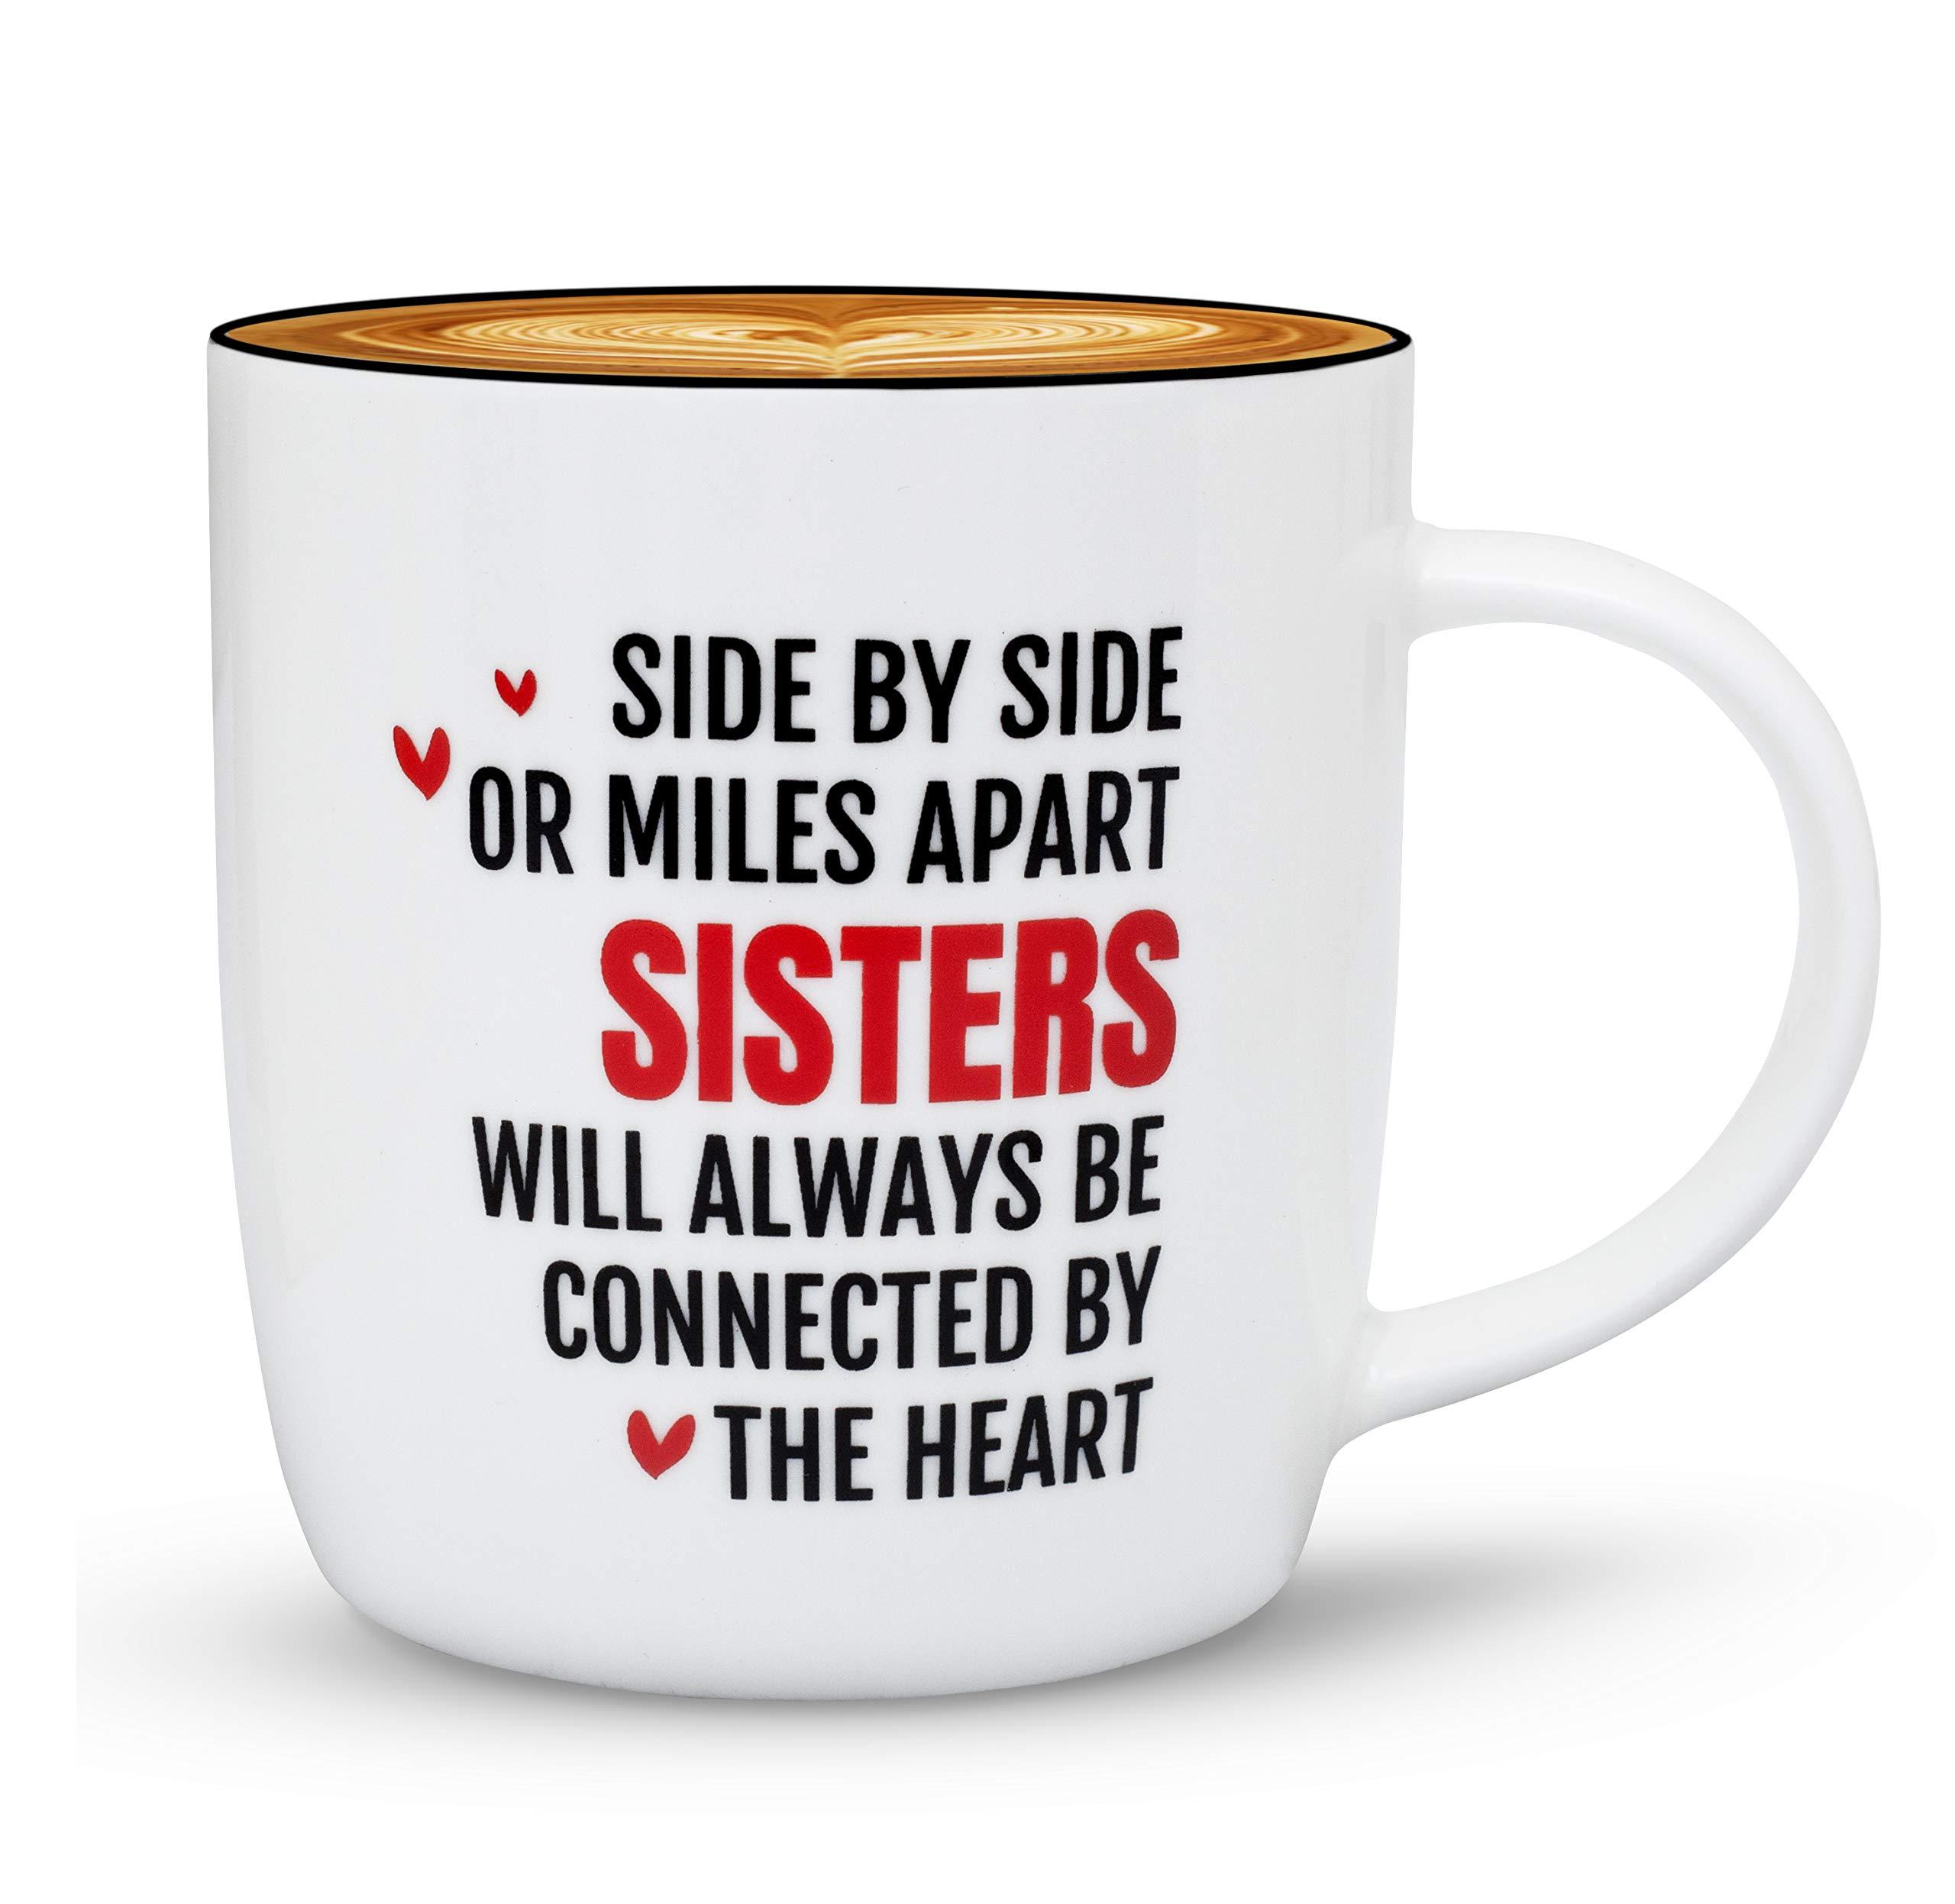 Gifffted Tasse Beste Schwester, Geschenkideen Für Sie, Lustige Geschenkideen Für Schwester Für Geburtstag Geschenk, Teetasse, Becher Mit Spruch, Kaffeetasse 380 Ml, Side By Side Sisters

════════

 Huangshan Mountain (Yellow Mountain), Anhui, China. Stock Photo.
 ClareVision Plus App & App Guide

════════

- [ABOUT THIS TASK] From the entries above, write out only the lines starting at the line that holds "Huangshan Mountain (Yellow" and ending at the line that holds "ClareVision Plus App & App Guide", keeping both and matching them exactly.

- [RESULT FOR THIS EXERCISE]
 Huangshan Mountain (Yellow Mountain), Anhui, China. Stock Photo.
 ClareVision Plus App & App Guide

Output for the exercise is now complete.